Repeat the lines of the data exactly and exclude any picture among them.

**Provided data**
--- START ---
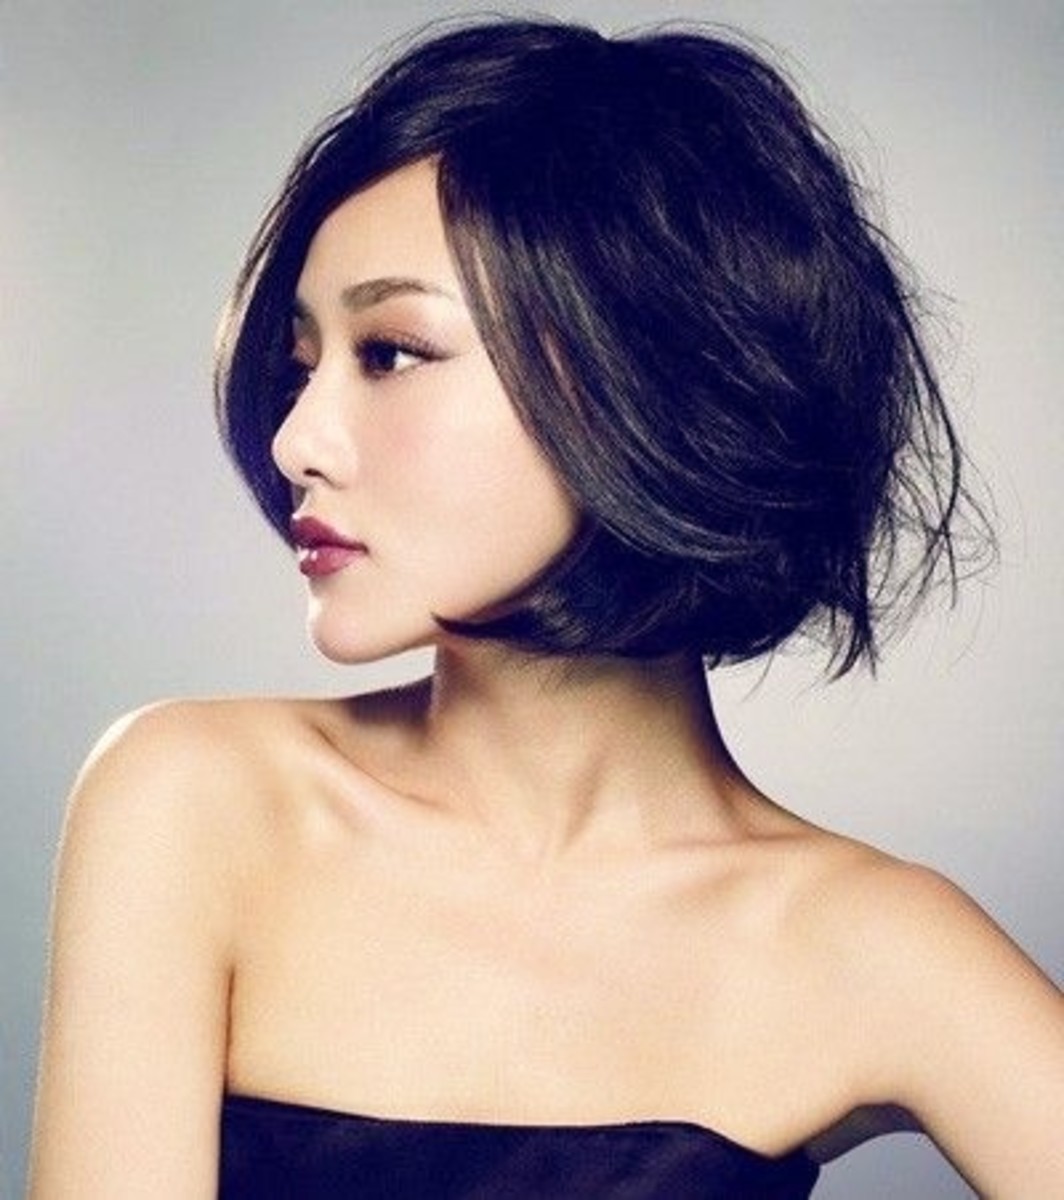 Short and feminine hairstyle for Asian women. A great urban look for living in a big city.
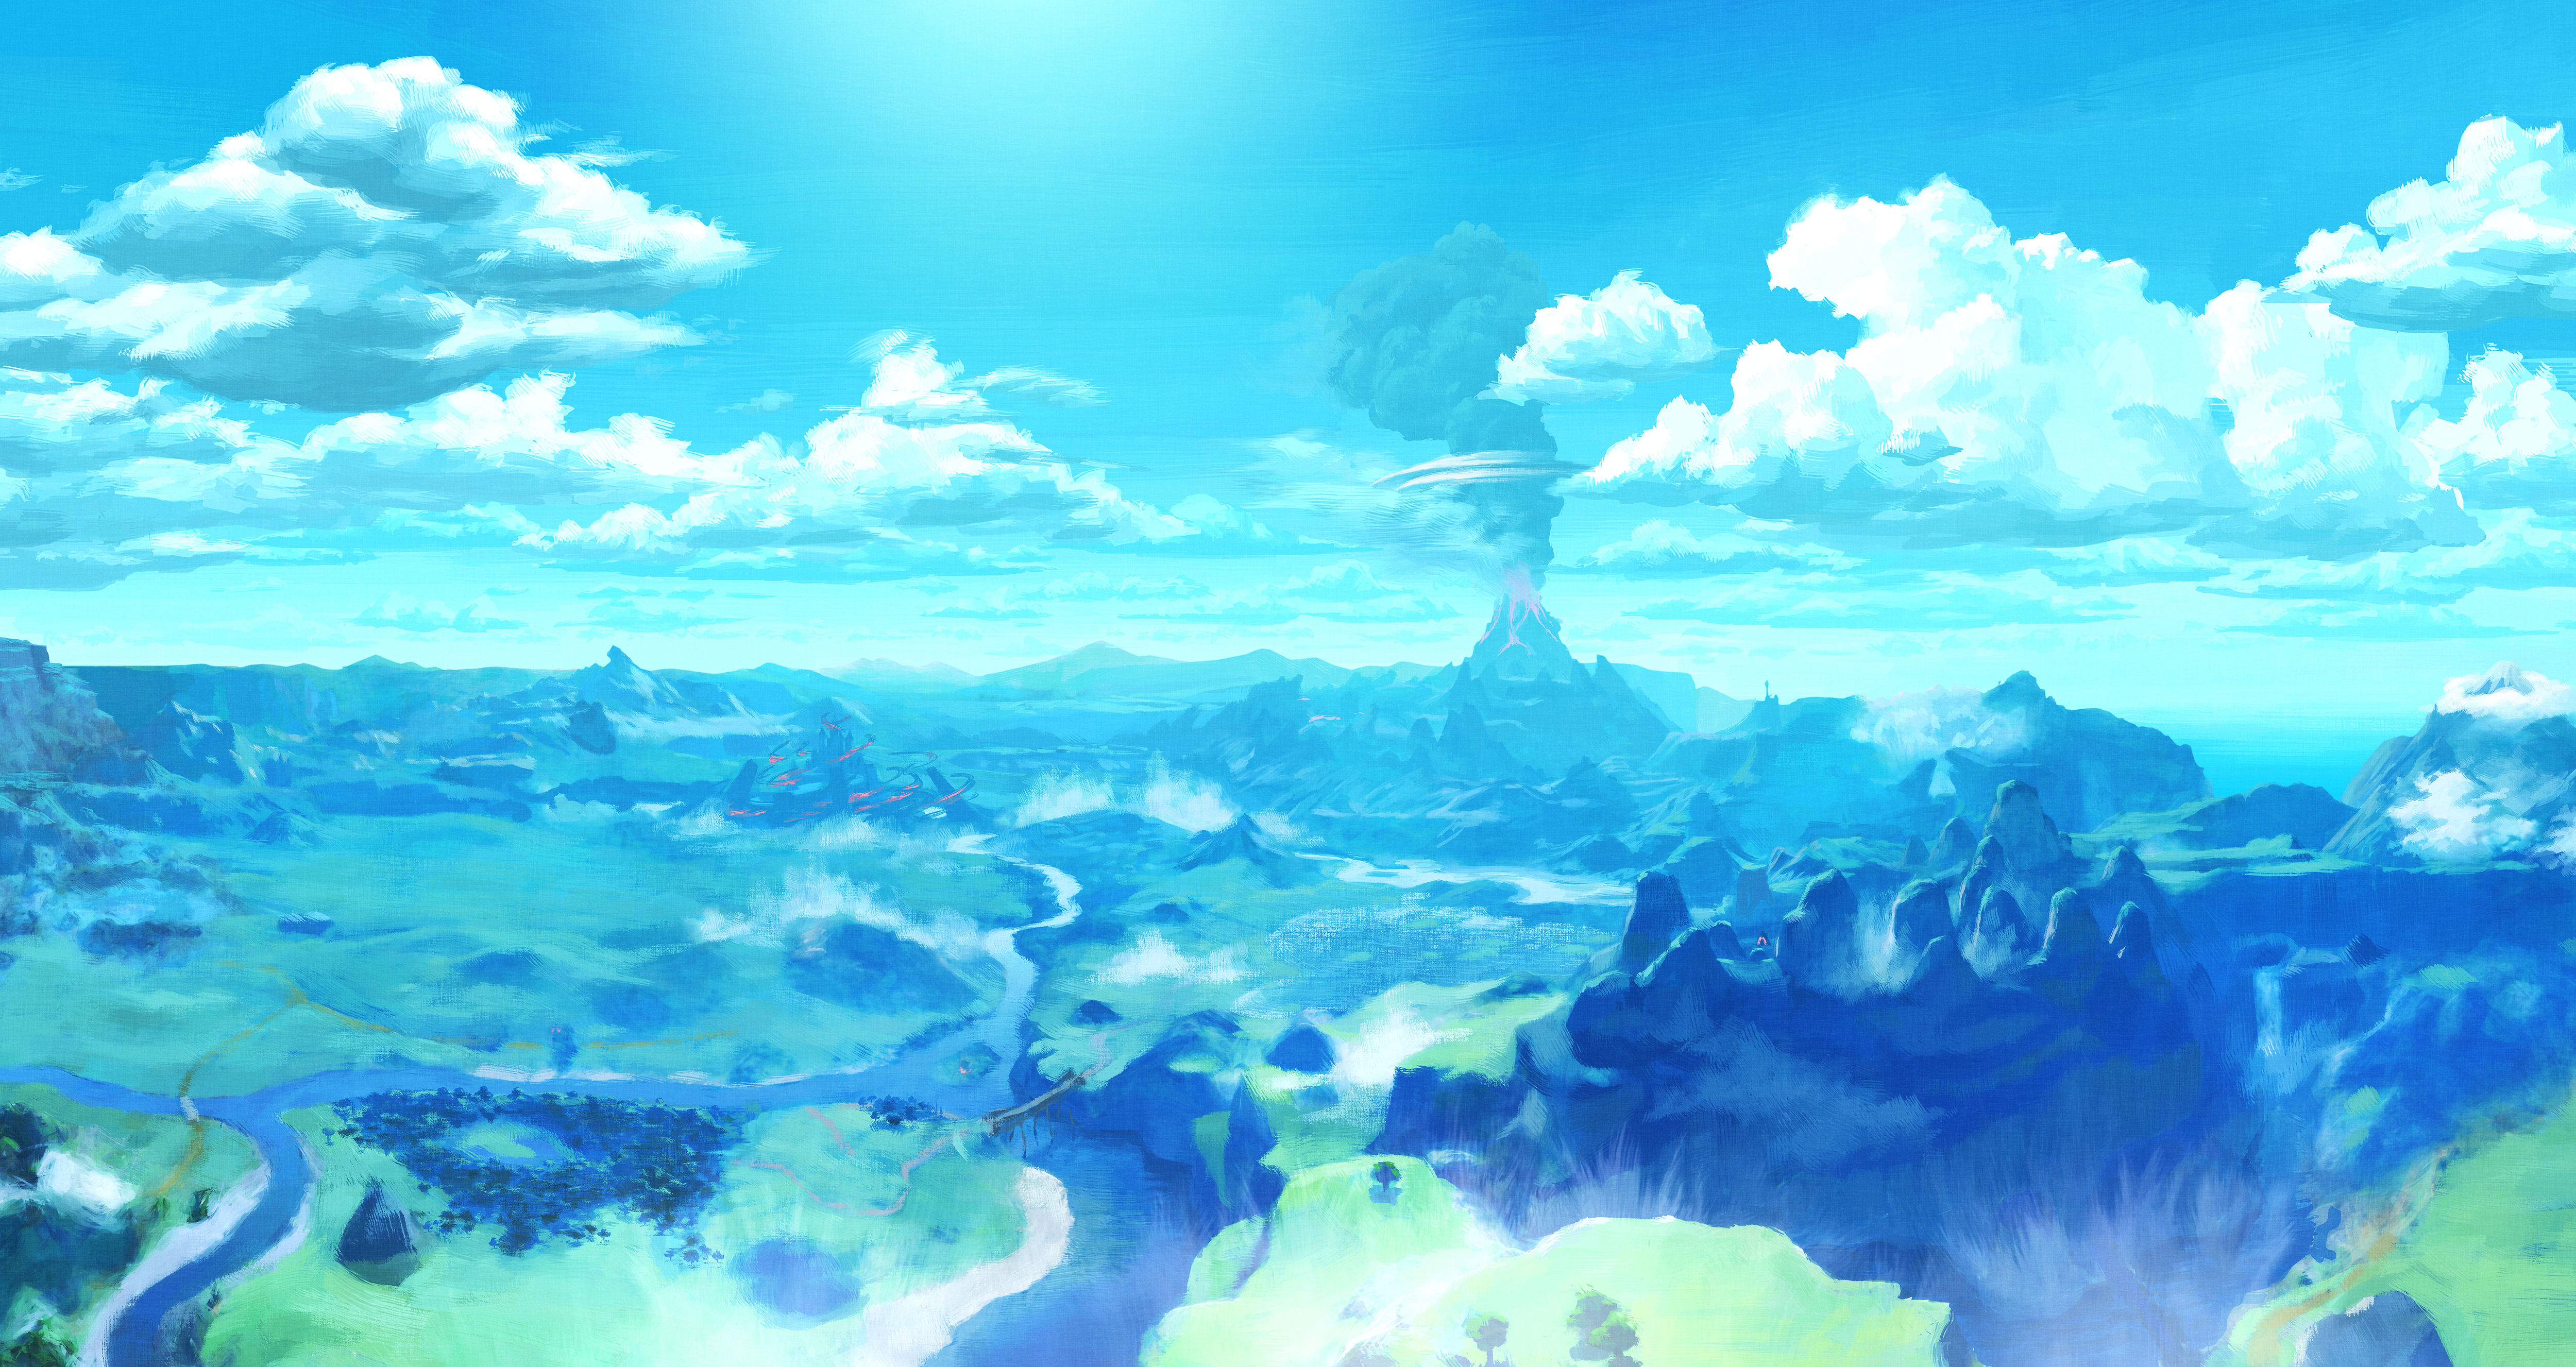 The Legend Of Zelda Breath Of The Wild 4k Ultra Hd Wallpaper Background Image 5000x2654 Id 789450 Wallpaper Abyss
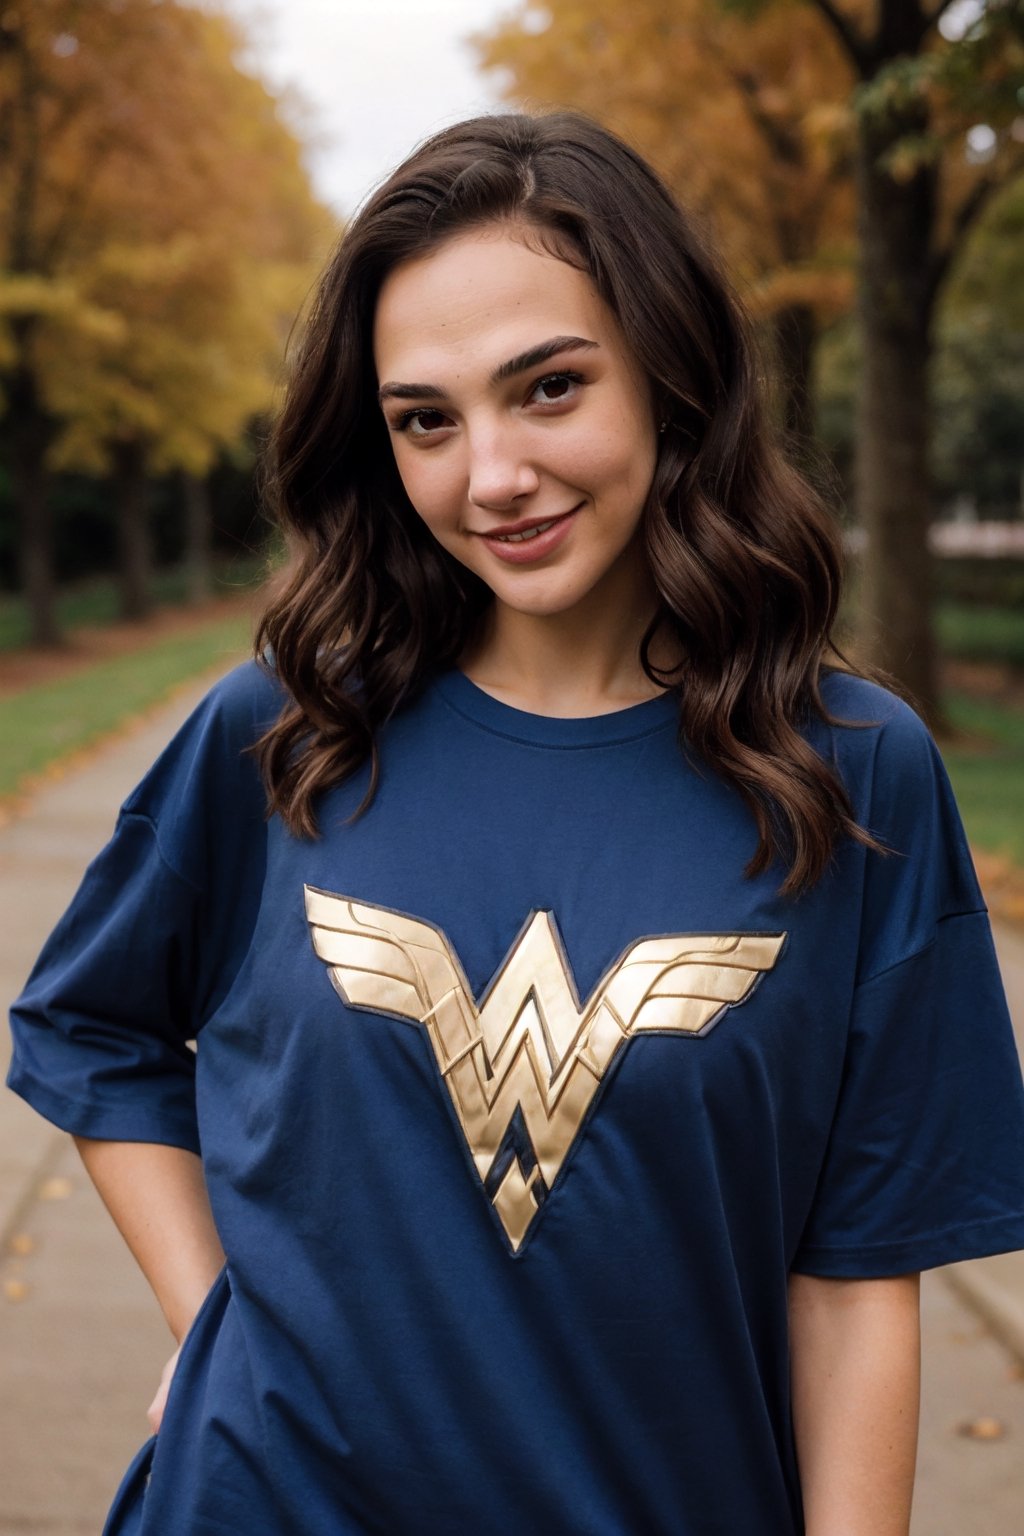 teen gal gadot, xxmix_girl, graininess, smile, cold, exposure, FilmGirl, 18_year_old, beautiful_girl, girl in oversize t-shirt custume, The t-shirt has the wonder woman logo, realhands, curly_hair, brown_hair,L inkGirl, 1 girl
--- END ---
**Result of the exercise**
 Short and feminine hairstyle for Asian women. A great urban look for living in a big city.
 The Legend Of Zelda Breath Of The Wild 4k Ultra Hd Wallpaper Background Image 5000x2654 Id 789450 Wallpaper Abyss
 teen gal gadot, xxmix_girl, graininess, smile, cold, exposure, FilmGirl, 18_year_old, beautiful_girl, girl in oversize t-shirt custume, The t-shirt has the wonder woman logo, realhands, curly_hair, brown_hair,L inkGirl, 1 girl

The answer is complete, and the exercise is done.